THE CONTROVERSY ON WHETHER FOREIGN workers are replacing the American Workforce has become a heated debate in today’s declining economy. The American workers feel that their jobs are being taken away by foreign workers who are being paid a substantially low salary, while the employers argue that the decision to hire foreign workers is not based on reducing overheads but is based on skills and abilities of the foreign workers. The BCIS argues that L-1 was not intended for those U.S. employers who are bringing foreign workers to work on projects of another employers.

In response to protests by the American workforce, Representative John Mica (R-FL) has introduced H.R. 2154 that would amend some L-1 rules. H.R. 2154 will prevent employers from placing an L-1 employee with another employer. This bill if passed will require L-1 employers to file an application with the Secretary of Labor stating that the employer will not place the L-1’s with another company where the non-immigrant will perform duties at a worksite owned, operated and controlled by such other employer and there are indicia of an employment relationship between the L-1 and another employer. This bill will also require employers to make these applications available for public inspection a list of such applications, classified by employer and occupation. If this law is passed several companies making use of the L-1 category are going to be affected.

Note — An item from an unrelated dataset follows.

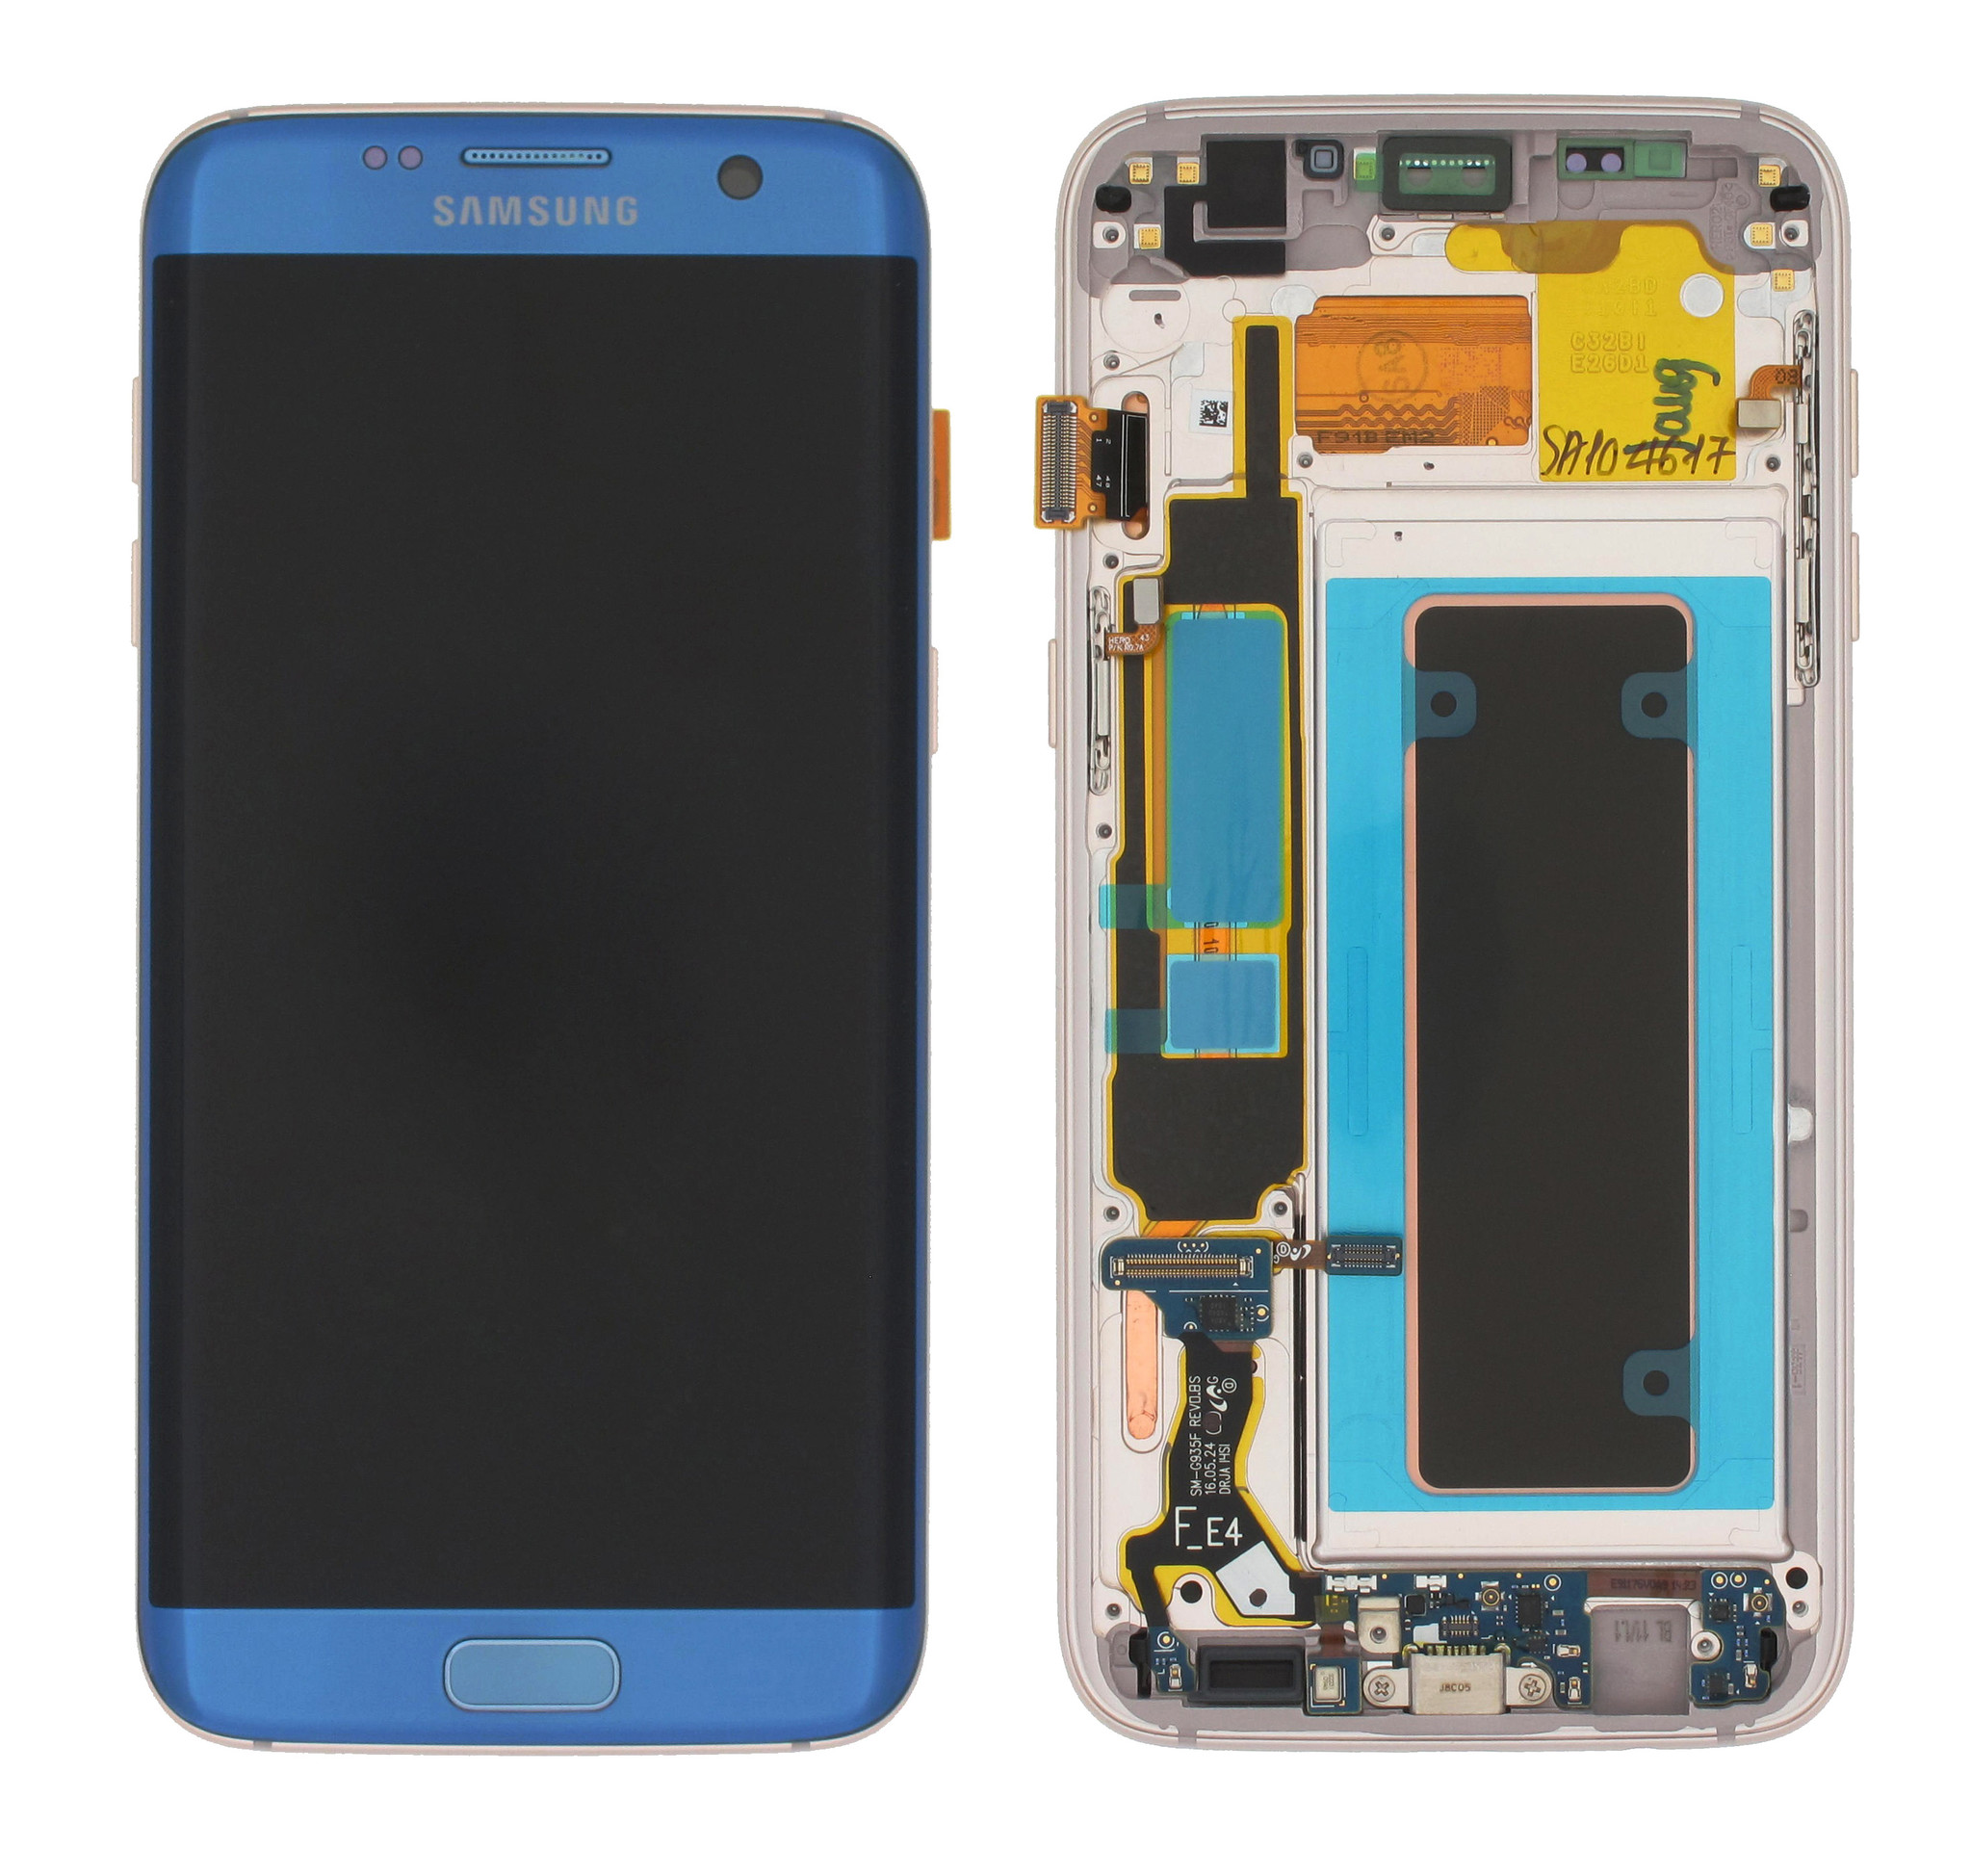 Zeeman Gezamenlijk beloning Samsung G935F Galaxy S7 Edge LCD Display Module, Coral Blue, GH97-18533G -  Parts4GSM

The L non-immigrant visa is available to international companies who need to bring foreign employees to the U.S. temporarily to utilize the foreign employees managerial abilities and specialized knowledge for the establishment or growth of the U.S. companies. To qualify for the L visa the employee must be continuously employed for one of the past 3 years by parent, affiliate or subsidiary of U.S. company preceding his/her application for admission. The employee seeks to enter U.S. temporarily to continue to work for same employer or its affiliate or subsidiary. The employee is not required to perform full-time services in the U.S. but must dedicate a significant portion of his or her time on a regular and systematic basis. The employee must continue to work in capacity that is managerial, executive or involves specialized knowledge.

L-1 employees, who come to the U.S. as Executives and Managers, manage the organization or a department, sub-division, function or component of the organization. They supervise and control the work of other supervisory, professional or managerial employees, or manage an essential function within the organization or a department or subdivision of the organization. These employees have the authority to hire and fire or recommend their staff for promotions or leave, and exercise discretion over the day-to-day operations of the activity or function for which the employee has authority.

L-1 employees under the Executive and Managers category are eligible to apply for permanent residency under the EB1 category for “priority workers, “ which means that they are exempt from the labor certification requirement.

L-1 employees who come to the U.S. with specialized knowledge are individuals who have advanced level of expertise and knowledge of the organization’s products, services, research, equipment, techniques, management etc. and are uniquely qualified to contribute to the U.S. employer’s knowledge of foreign operating conditions. The U.S. employer must be able to prove that such expertise is not readily available in the U.S. market.

L-1 are admitted to the U.S. for an initial period of three years which can be extended in two year intervals upto a maximum of seven years for executives and managers, and five years for a specialized knowledge transferee.